Хозяйка приветливо улыбнулась и сразу же ушла в свою комнату.
Он только вздохнул:
– Живем параллельно. К ней иногда приходят приятели. Бывшие ее сослуживцы. Теперь они тоже отставники. Выпьют, а после песни поют. Я-то сижу у себя – безвылазно. Не тянет, да и мешать не хочу. У них свой круг и свое застолье. И песни свои и разговоры.
Со смутной гримаской махнул рукой:
– Держатся друг за дружку. Расстрелыцики.
Однажды в марте я его встретил. Он, безусловно, изменился, но вовсе не выглядел стариком. Более того, это слово даже не приходило на ум. Обычно, задерживаясь на свете, люди стремительно утрачивают привычную стать, меняется облик. Откуда ни возьмись, появляется шаркающий неуверенный шаг, подобострастный, растерянный взгляд – кажется, они просят прощения за то, что по глупому недосмотру еще занимают чужое место, зачем-то топчутся среди живых. Но он по-прежнему сохранял свое автономное самостояние, и скрытая сжавшаяся пружинка была готова прийти в движение.

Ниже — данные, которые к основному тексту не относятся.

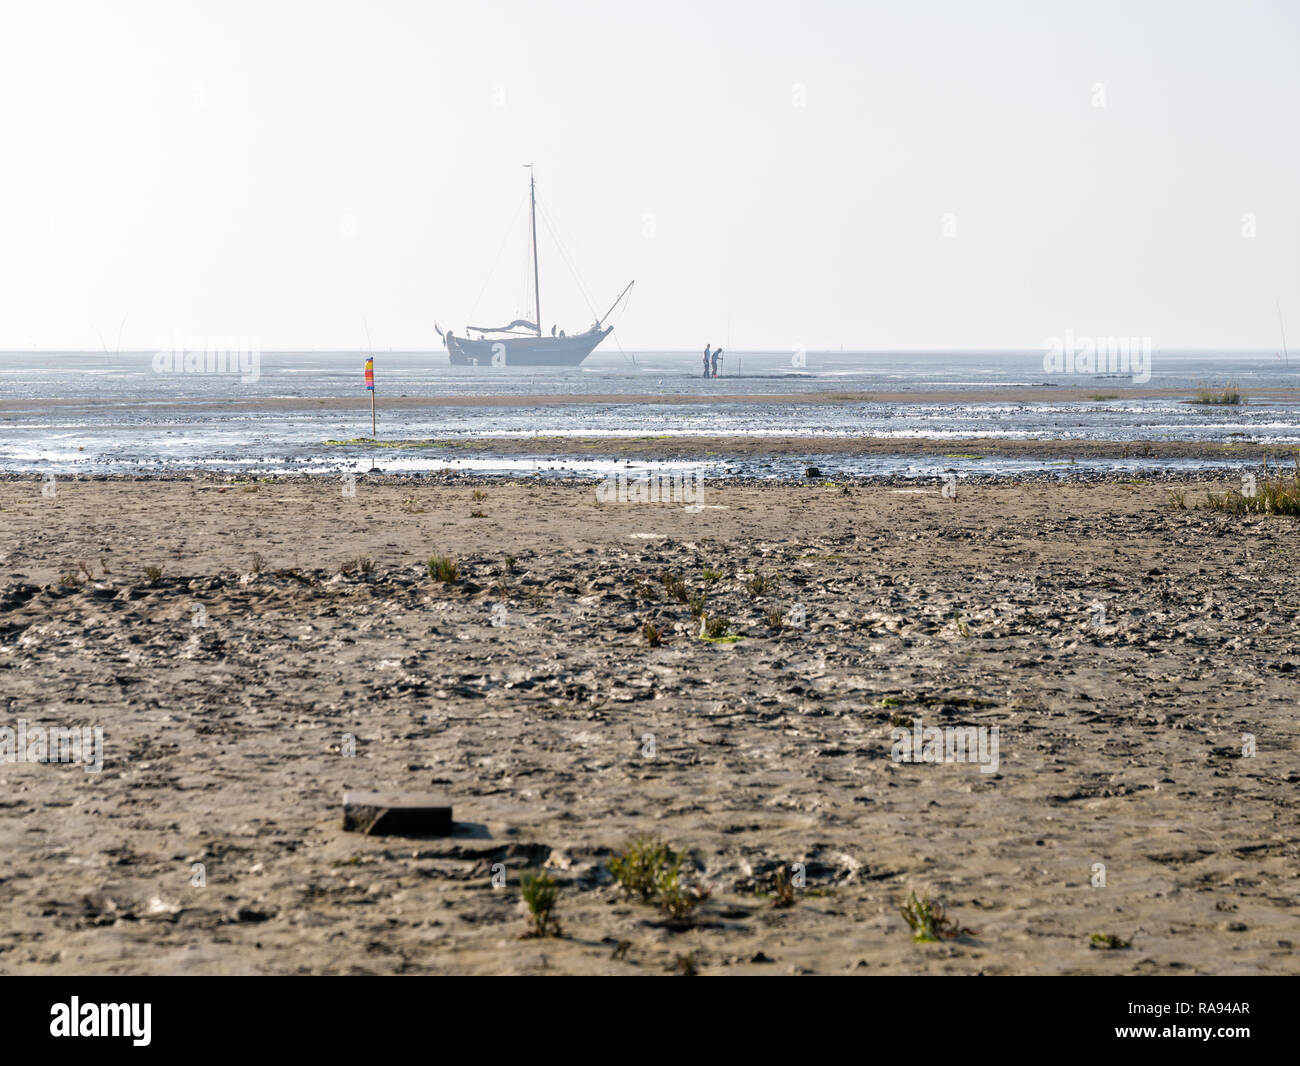 Les personnes à la recherche de mollusques dans des vasières et séché, voilier à marée basse, près de la mer des Wadden frisonnes Ouest île de Schiermonnikoog, Pays-Bas Banque D'Images

Он деловито и суховато, – нисколько не приглашая к участию, – сказал, что теперь живет бобылем – не стало его Шарлотты Павловны. Оранжерея приходит в упадок, трудно ее содержать в порядке.
На узких и белых губах появилась давно знакомая мне усмешка:
– Да, мучились рядом весь век, это правда. Но все-таки – рядом. Что-то да значит.
Спустя полгода его не стало. Узнал я об этом совсем случайно. Неделю окоченевший труп лежал среди гниющих цветов – никто об этом и не догадывался. Соседи уехали – жили на даче. Какие-то ведомственные люди, которым это было поручено, его схоронили, вернее, кремировали. Дошла ли эта весть до Юдифи, была ли еще жива – не знаю. Теперь-то ее уже нет на свете – в этом не может быть сомнений.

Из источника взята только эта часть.